Four years ago when torrential rains poured in the open ceiling of a branch of the Houston Public Library - then undergoing roof repair - 100,000 volumes were threatened by mold and mildew. With power and air-conditioning units out, Mr. Hartsell's company, Solex Technologies, brought in special dehumidifiers and converted the entire library into a drying chamber.

In four days, the crisis was over. No books had to be removed, no freezing, transportation, or storage costs were incurred. Library patrons lost very little time.

``We were going to spend thousands [of dollars] having the books hauled off to [freezing chambers] across town at NASA,'' recalls library director David Hennington. ``But by then, most of them would've been ruined. Solex saved my books!''

This achievement marks a new age of document and book-drying technology. ``[They've] proved they can come in here with a minimum of dislocation and do everything that was done before without so much as taking a book from the shelf,'' says Mr. Hennington. Success at the Houston site led to another project and similar testimony from officials at the Southwestern University Library.
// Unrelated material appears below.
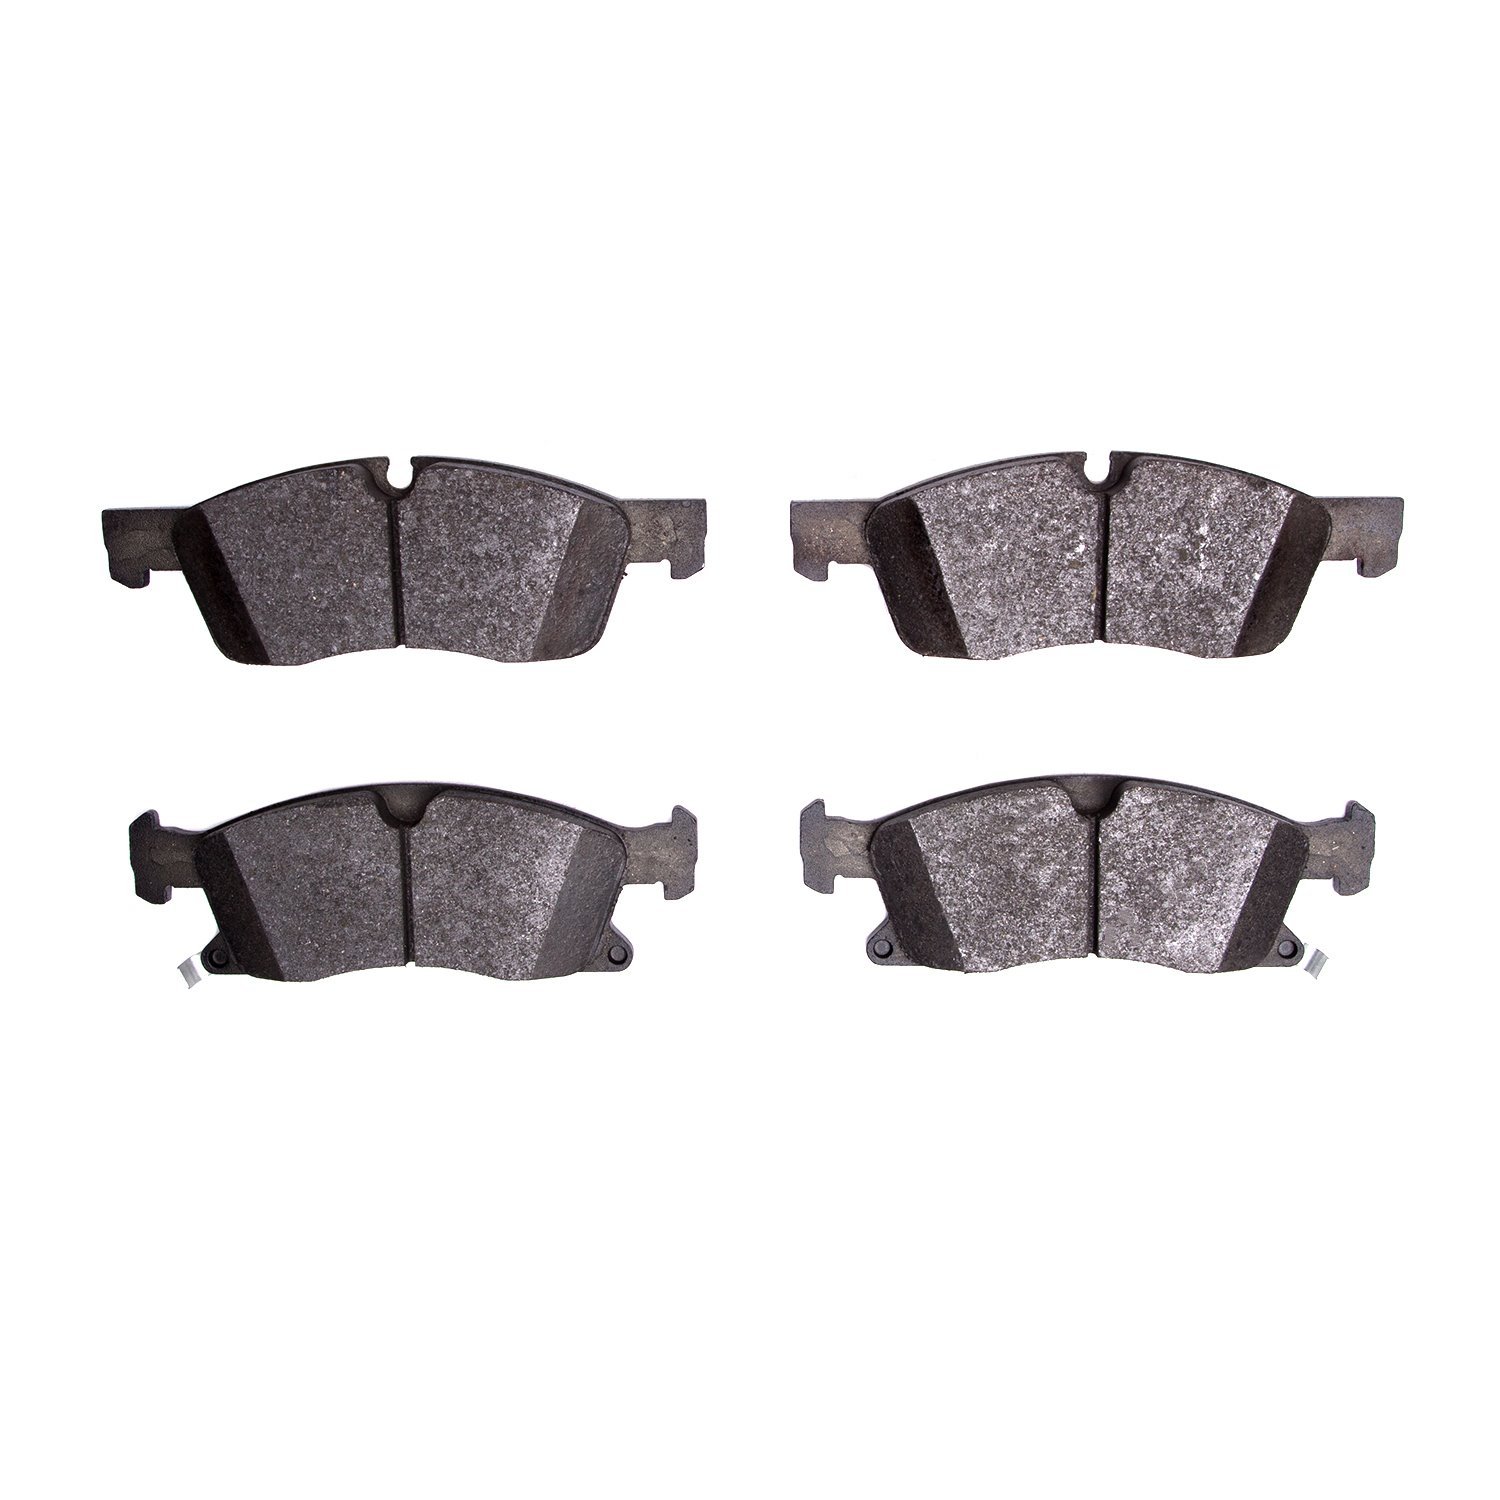 Euro Ceramic Brake Pads, Fits Select Mopar, Position: Front

Although there are other high-tech methods to salvage books damaged by acts of firefighters and nature - most notably a vacuum technique that can turn ice into vapor without first changing it to the damaging state of water - the Solex method eliminates the need for freezing at all.

And because of a high-efficiency refrigerant that makes drying possible at more comfortable temperatures, library or office personnel can often go on working in the drying environment itself.